# Can two Black & tan/red dogs produce a solid black puppy?



## Lauri & The Gang (Jun 28, 2001)

My brain is fuzzy this morning but I thought it was not possible???


----------



## Freestep (May 1, 2011)

Yes, it is possible. If each parent carries a black recessive, two black & red parents can certainly produce black offspring.


----------



## llombardo (Dec 11, 2011)

Lauri & The Gang said:


> My brain is fuzzy this morning but I thought it was not possible???



I was going to ask the same thing the other day...someone was getting rid of an all black GSD puppy, but the parents were both Black/Red???


----------



## 4TheDawgies (Apr 2, 2011)

Yep just like Freestep said. 
If I remember my Pennett squares right if both parents carry recessive black then statistically. 25% of that litter should be recessive black, 50% of the time they will be Blk& tan and carry black recessive, and 25% will be blk& tan without carrying black.

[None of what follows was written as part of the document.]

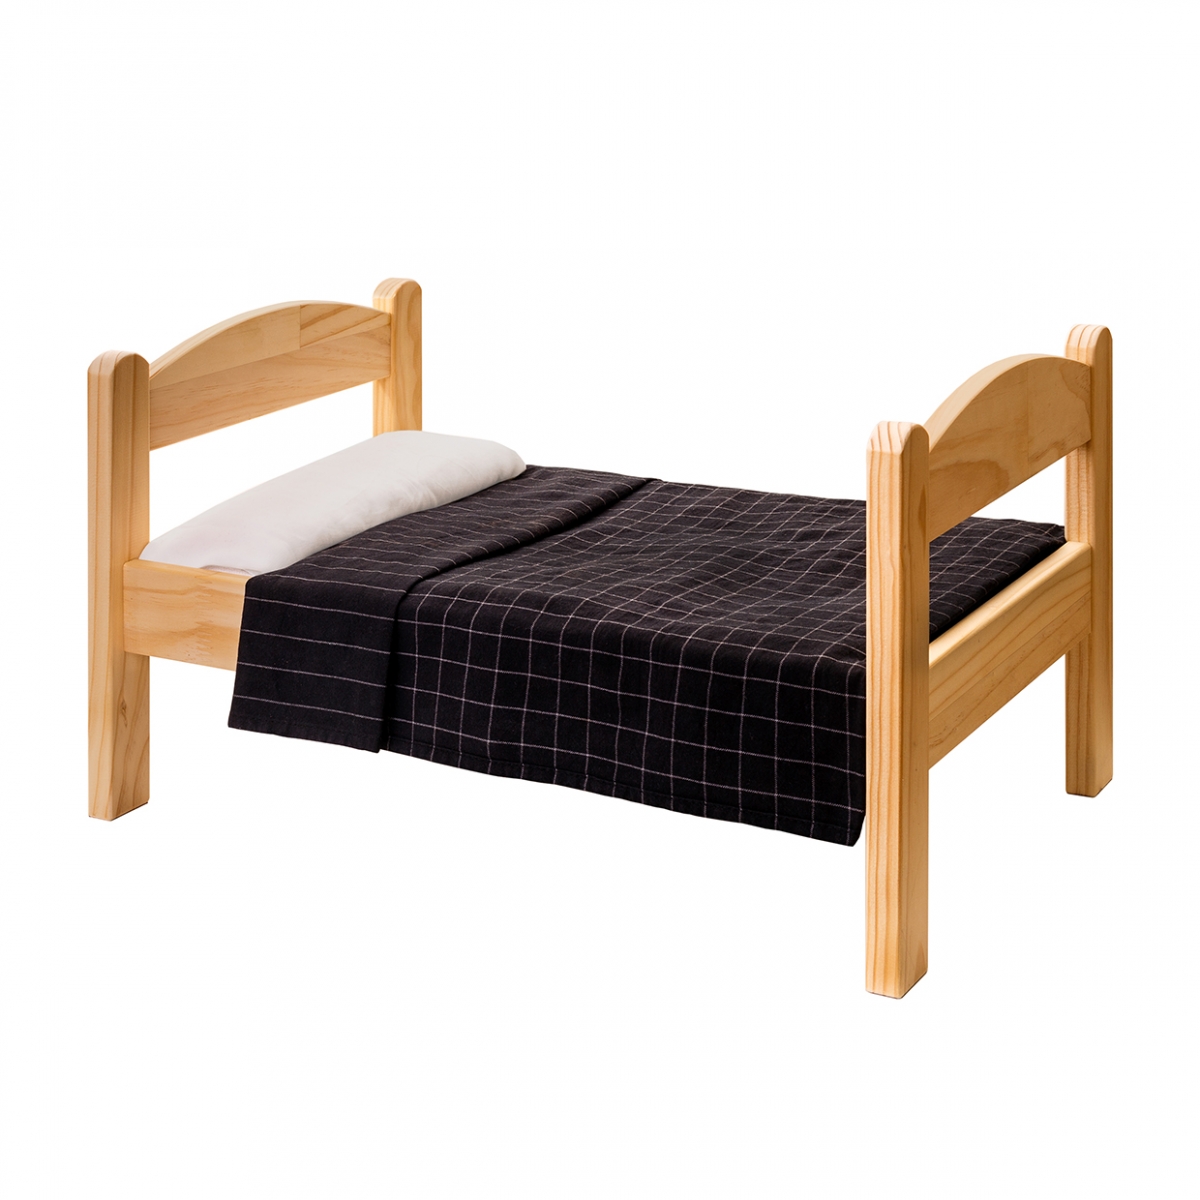 Imagen en la que se ve una cama de madera individual

If I remember right on the PDB there was a discussion a while ago about how West German Showlines don't really have recessive black behind them, but there is one breeder I know of using recessive black in their showlines.
I know the American Lines have a lot more color combinations with them.


----------



## Freestep (May 1, 2011)

It's true that it would be unusual to get a solid black puppy out of two black & red showline parents, simply because there are so few black dogs in that bloodline--for whatever reason, in the German show world, no one wants anything but black & red, so blacks are rarely bred to.

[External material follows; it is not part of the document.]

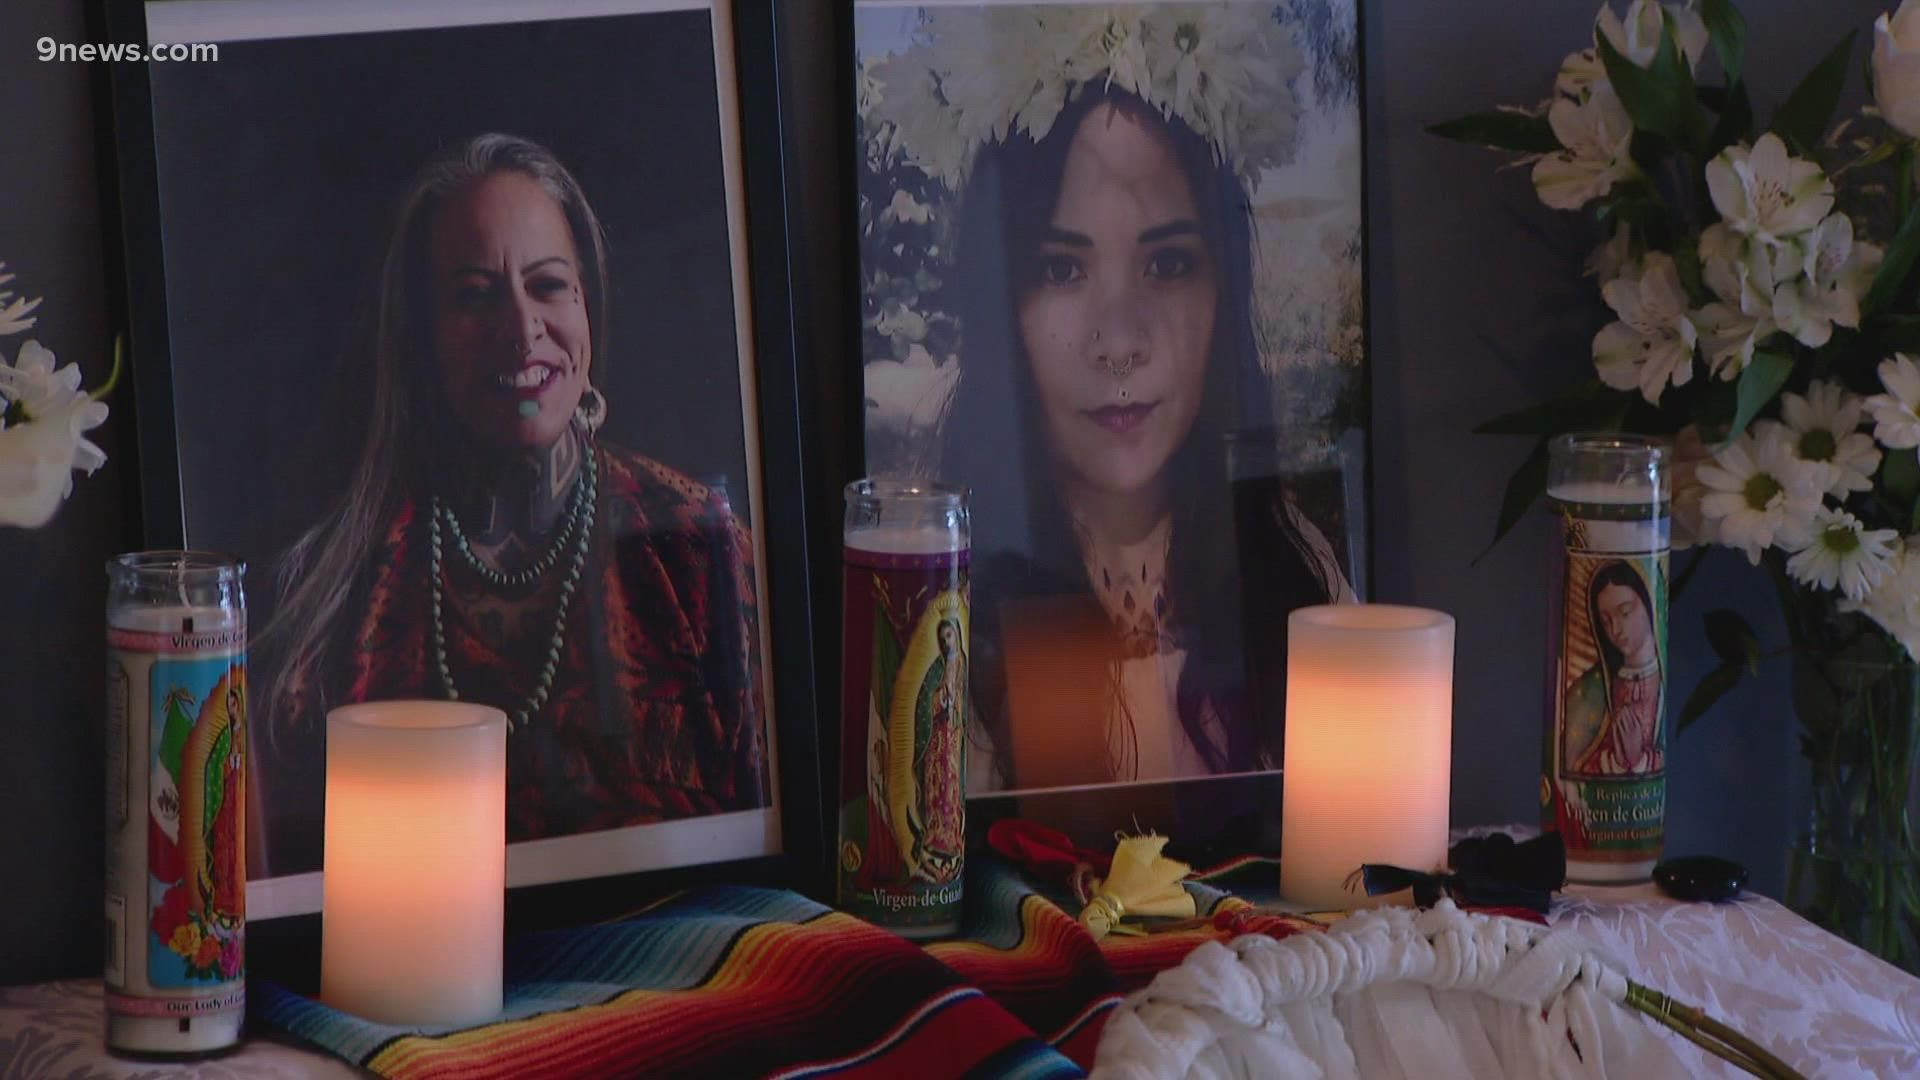 Museo de las Americas, on Santa in Denver, now has an altar on display to honor Alicia Cardenas and Alyssa Gunn-Maldonado, who were killed in a shooting spree.

Black offspring are still possible, though, if two showline dogs with blacks waaaaaaay back in the pedigree still carry the black recessive.


----------



## 4TheDawgies (Apr 2, 2011)

LOL stupid iPhone corrected it to Pennett, I meant Punnett. 

Recessive black works just like recessive white as well. 
I have a white German Shepherd, first dog I got. She is out of a bi-color long coat male, and a black and tan stock coat female.


----------